◇改造ハウスで筋トレ
野球部グラウンドの一塁側に1棟のビニールハウスが建つ。野菜を育てているわけではない。「よしッやるぞ!」。丸山亮太主将(2年)の掛け声で柔軟体操が始まった。選手たちが筋力アップに励む風変わりなトレーニングルームだ。「雨の日は、ブルペンでバッティングの練習ぐらいしかできなかったが、ここができてから雨天時の過ごし方も変わりました」と伊藤仁コーチ(26)は説明する。
トレーニングルームは03年4月、糟谷寛文監督(56)が室内練習場代わりに中古のビニールハウスを改造することを提案。父母会やOB会が協力して資金を出し、田原市内の農業資材製造会社に勤める彦坂良和さん(64)が完成させた。効果は早速表れ、翌年秋の県大会でベスト8入り。05年から3年連続でセンバツの21世紀枠候補校に推薦された。
ビニールハウスのほか、打撃練習で使う防護ネットには、中古の魚網を譲り受けるなど、手作りの設備は多い。糟谷監督は「今の成章野球部があるのは地元の人たちのおかげ」と、しみじみと話す。
成章のセンバツ出場を祝う懸垂幕が31日掲げられた田原市役所。卒業生でもある鈴木克幸市長(63)は昨年春の市長選で初当選した。「市長になって1年たたないうちに母校の快挙に巡り合えてラッキー。成章は東三河出身の選手ばかりで、全国の檜(ひのき)舞台を踏むことは感慨深い」と市長室で相好を崩した。
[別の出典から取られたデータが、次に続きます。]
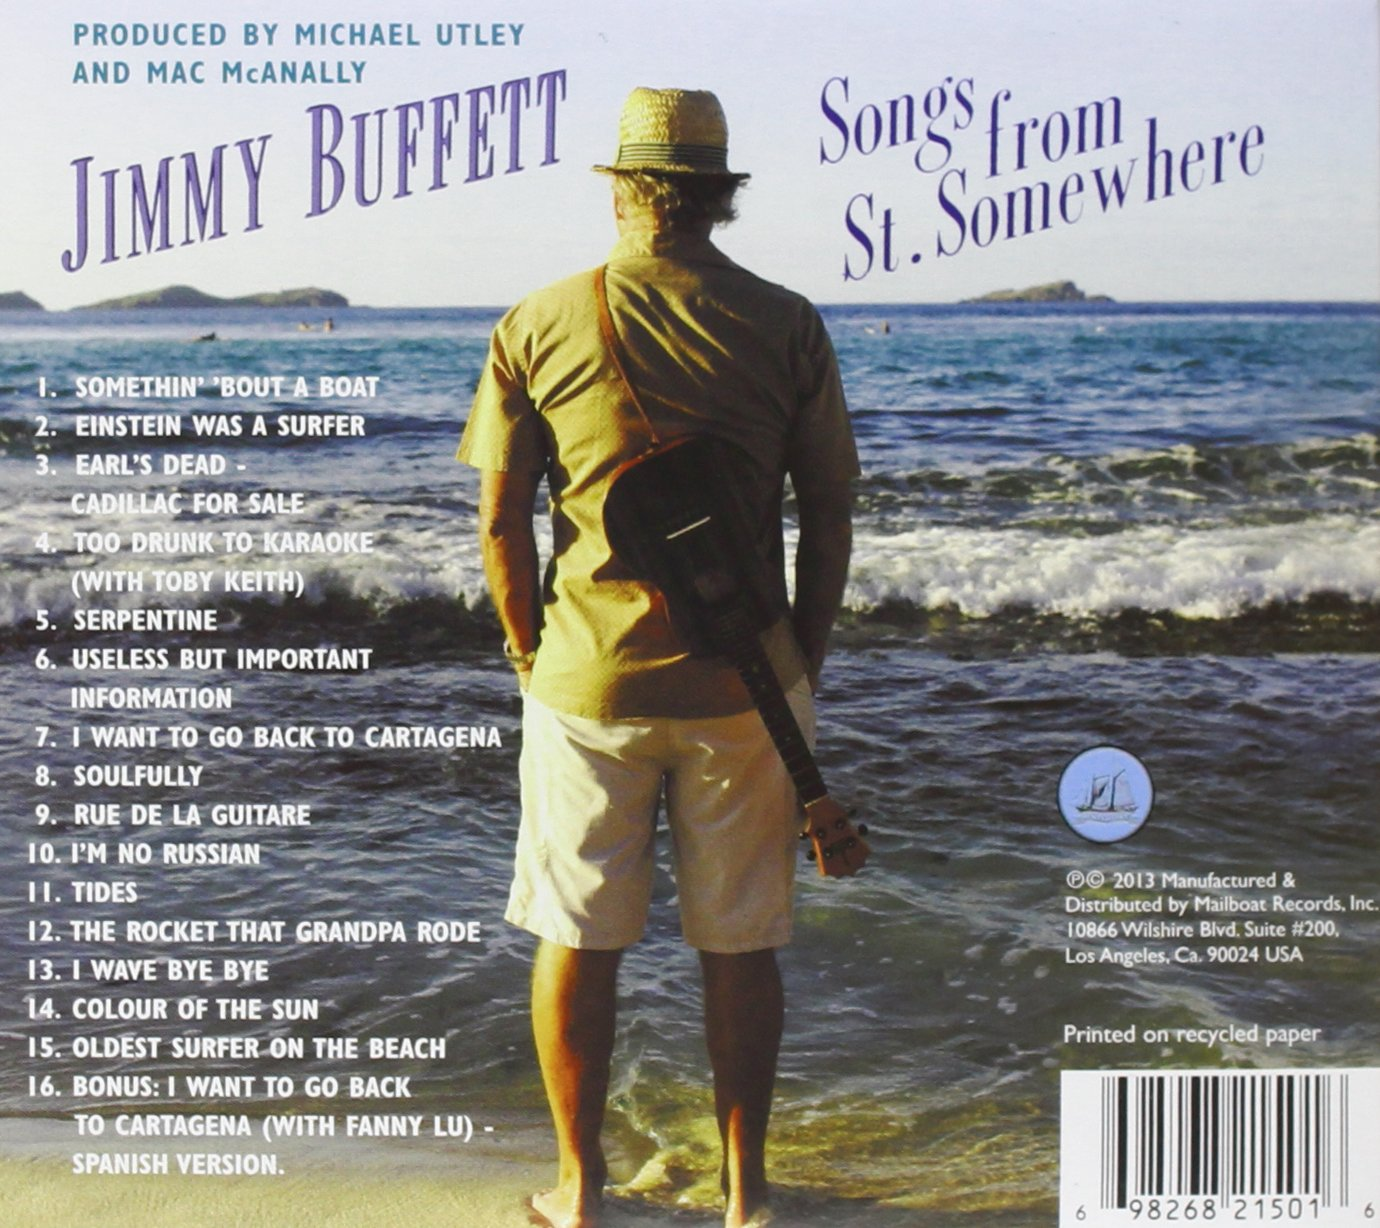 Jimmy 2013 Songs From St Somewhere Tour Double Sided Concert Handbill Buffett

鈴木市長自身も“成章の広報マン”として名刺に「甲子園出場校・成章の古里」という趣旨の文字を印刷し、対外的にPRするつもりだ。農業産出額全国一とはいえ、全国的な知名度が足りない田原市。「甲子園での成章球児の活躍を見て、全国の人たちが選手の古里に興味を持ってもらえれば」と願う。
「涙が出ました」「成章生として誇りに思います」……。市内でパソコン教室を開き、05年から成章野球部のホームページ(HP)作りを担当する鈴木正幸さん(54)の元には応援メッセージが続々と舞い込む。山田貴三教頭(54)と成章で同級生の間柄だ。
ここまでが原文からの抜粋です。